*Your assignment:* From the line containing "Histoire dessinee de" down to the line containing "Tunnelen inn til", copy out the entries below exactly, both lines included, and nothing else; pictures do not belong in the copy.
*** Opening Data supplied ***
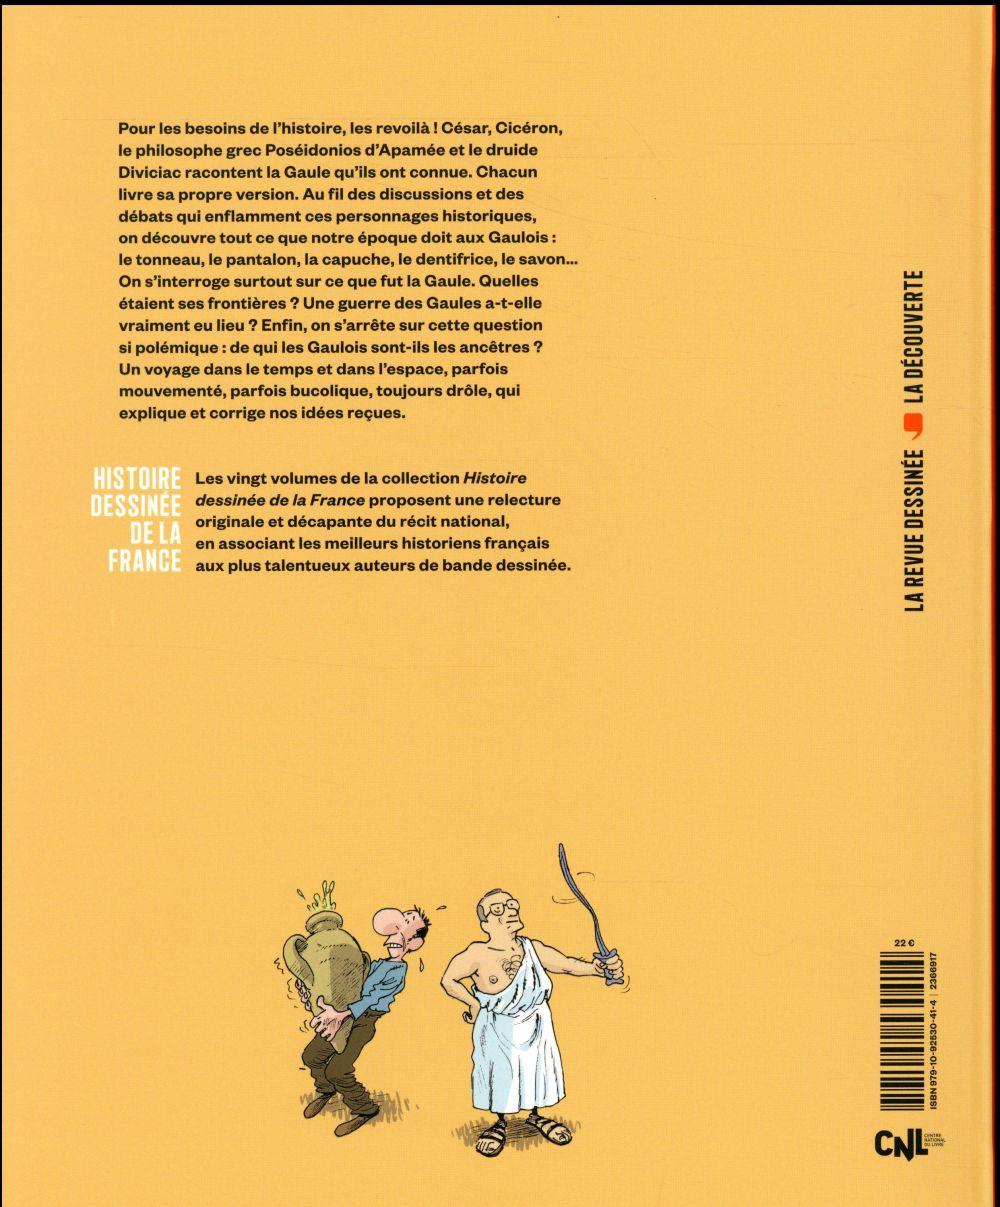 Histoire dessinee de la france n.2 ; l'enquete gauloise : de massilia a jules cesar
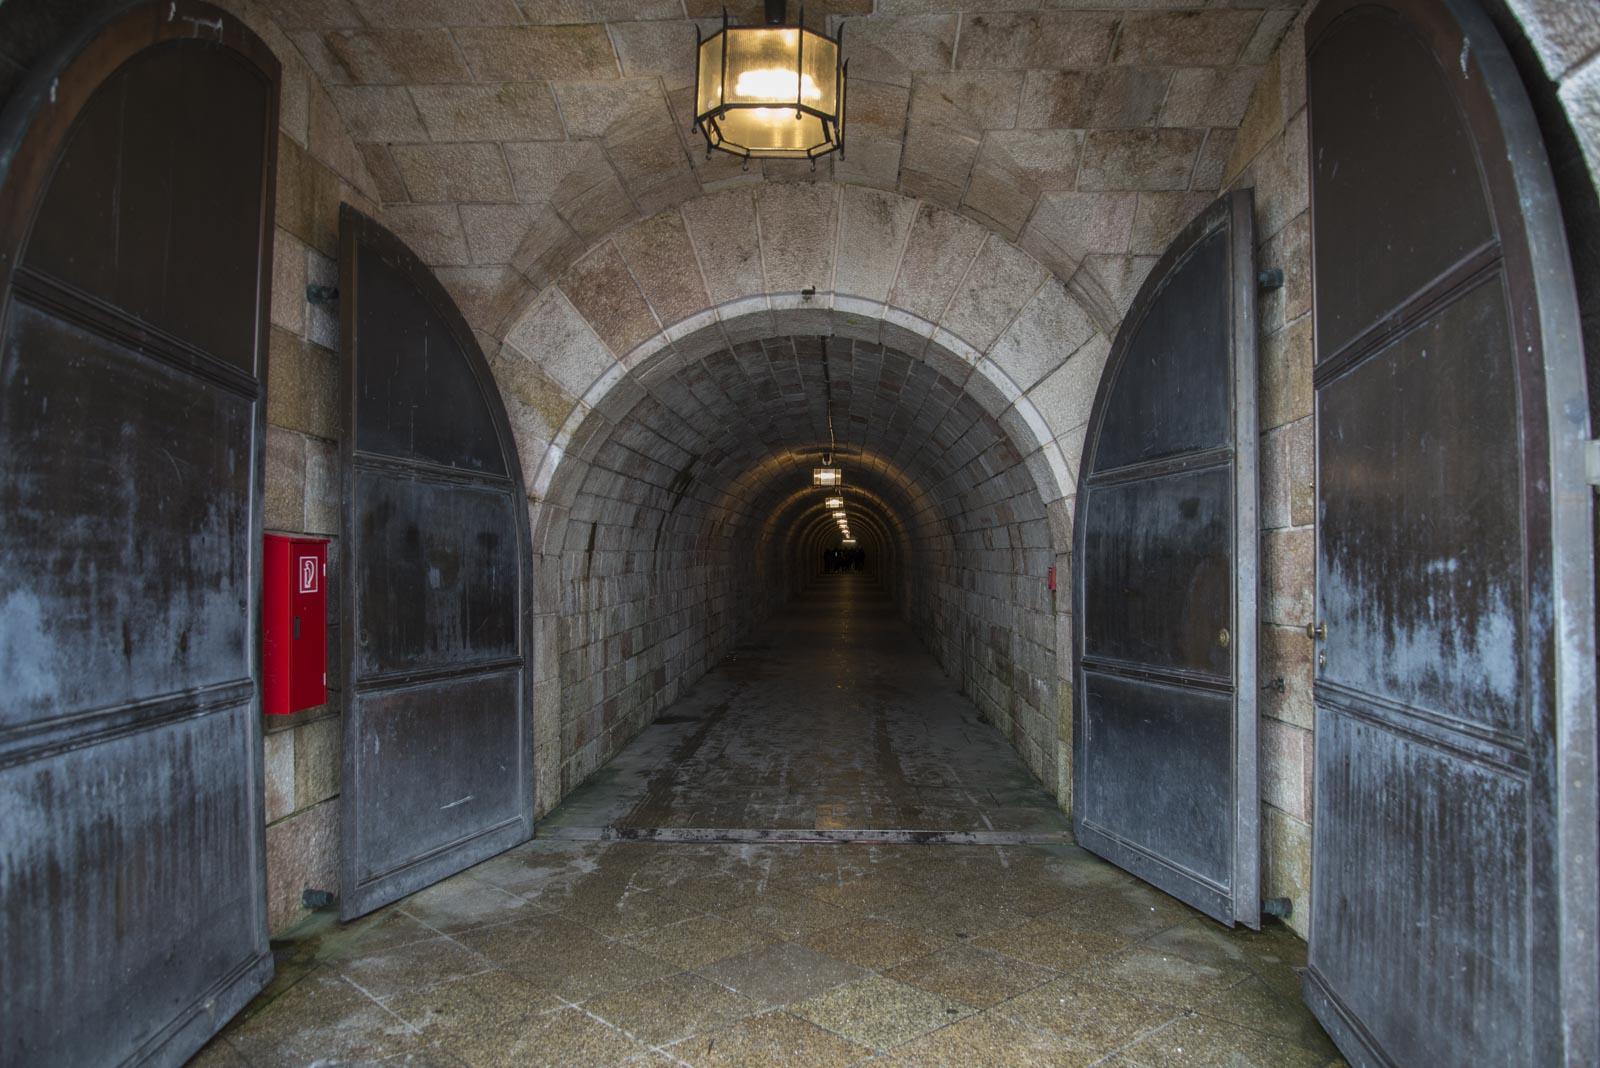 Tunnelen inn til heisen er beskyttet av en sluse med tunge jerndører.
*** Closing Data supplied ***
*** Opening Data supplied ***
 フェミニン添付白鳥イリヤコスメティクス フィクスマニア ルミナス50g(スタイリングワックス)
*** Closing Data supplied ***
*Task response:*
 Histoire dessinee de la france n.2 ; l'enquete gauloise : de massilia a jules cesar
 Tunnelen inn til heisen er beskyttet av en sluse med tunge jerndører.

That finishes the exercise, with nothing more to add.